Yıllardır bir efsane olarak dilden dile dolaşan “ZİHİN KONTROLÜ” konusunu irdeleyeceğiz…
Zihin kontrolü acaba gerçekten mümkün mü ? Mançurya Kobayı deneyinden geçirilen insanlar uzaktan kumanda ile kontrol edilebilir hale mi getirildi ? Uzaktan kontrol ve zihin kontrolü psikolojik savaşın bir parçası mı? Bu deneylere maruz kaldığı iddia edilen ünlüler kimler ?
Tüm bu soruların cevapları “ZİHİN KONTROLÜ NASIL YAPILIYOR ?” isimli dosyamızda…
ZİHİN KONTROLÜNÜN KISA TARİHÇESİ…
Bu alanda yapılan çalışmaların tarihçesinin Hitler Almanya’sına kadar uzandığı tahmin edilse de konu ile ilgili tahminden öteye geçen ilk “somut” ip uçları savaştan yaklaşık 25 yıl sonra ortaya çıktı.
"Zihin Kontrolü" alanındaki gelişmelerin ilk ipuçları, 1969 yılında Dr.

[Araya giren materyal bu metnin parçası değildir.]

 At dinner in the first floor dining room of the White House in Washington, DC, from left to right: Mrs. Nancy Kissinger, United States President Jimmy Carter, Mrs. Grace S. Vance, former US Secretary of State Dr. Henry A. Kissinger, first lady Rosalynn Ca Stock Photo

Delgado`nun yayınladığı "Beynin fiziksel kontrolü-psiko-medeni bir topluma doğru" adlı kitapta veriliyor.
Bu arada 16 Temmuz 1977 yılında New York Times gazetesinde akıllara durgunluk veren bir haber yayınlanıyor. Haberde, "ABD insanlığın esir edilebileceği görünmez silahlar geliştiriyor" başlığı kullanılıyor ve haberle ilgili bilgiler veriliyor.
Bu haberin ardından yayınlanan "Beyin Kontrol harekatı" isimli kitapta, hipnoz tekniğinden, elektronik olarak beynin uyarılmasına kadar birçok konuda bilgiler yer alıyordu.

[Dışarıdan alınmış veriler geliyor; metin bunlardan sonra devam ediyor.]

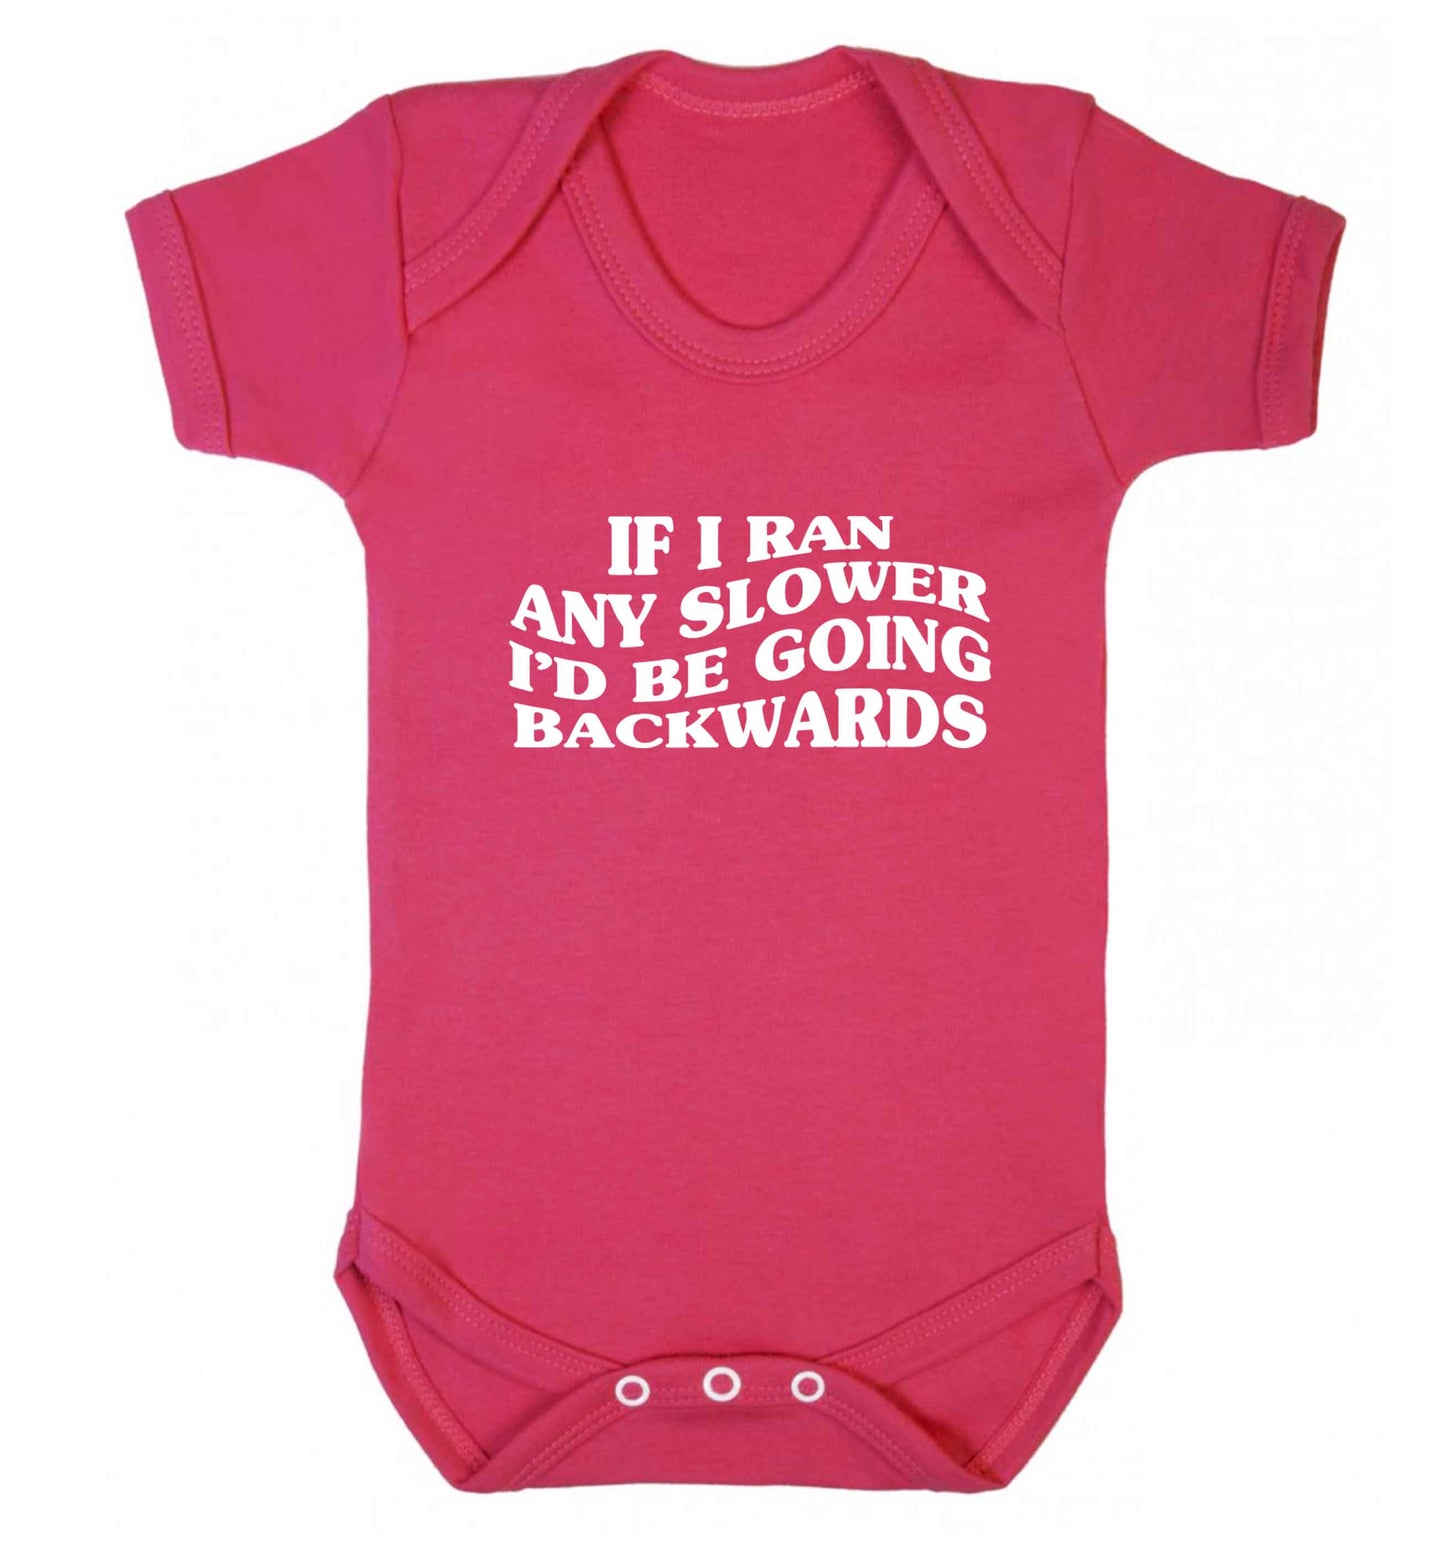 If I ran any slower I'd be going backwards baby vest dark pink 18-24 months

Bu kitabın ardından yine ABD İstihbarat Servisi’nde üst düzey yetkililer arasında yer alan ve bu araştırmaların başındaki isim olduğu iddia edilen Lyn Buchanan, yayınladığı " 7.His" kitabında, Amerikan askerlerine psişik tekniklerin kullanılması ile ilgili bilgiler verdi.
ZİHİN KONTROLÜ TÜRLERİ…
Zihin kontrolü genel olarak 2’ye ayrılır. Birincisi toplumsal zihin kontrolü,2.si ise bireysel zihin kontrolü.
Toplumsal zihin kontrolü bir toplumu istenilen doğrultuya yöneltmek, toplumun distorasyona uğratarak çökertmek ve hedef olarak belirlenen toplumu belirlenmiş amaçlar doğrultusuna çekebilmek amacı ile tüm toplum üzerinde uygulanmaktadır.
Tarihteki en iyi örneği ise Hitler’in hitabet sanatı ve çeşitli teknikleri sentezleyerek tüm Alman halkını arkasına katarak koca bir ülkeyi gözü kapalı biçimde 2. Dünya Savaşı’na sürükleyebilmesi gösterilmektedir.
Bireysel zihin kontrolü ise bir insanın belli bir ortamda elektrofizyolojisini ve kimyasını etkileyerek kişiliğini ve davranışlarını istenilen şekilde yeniden şekillendirmek şeklinde özetlenebilir.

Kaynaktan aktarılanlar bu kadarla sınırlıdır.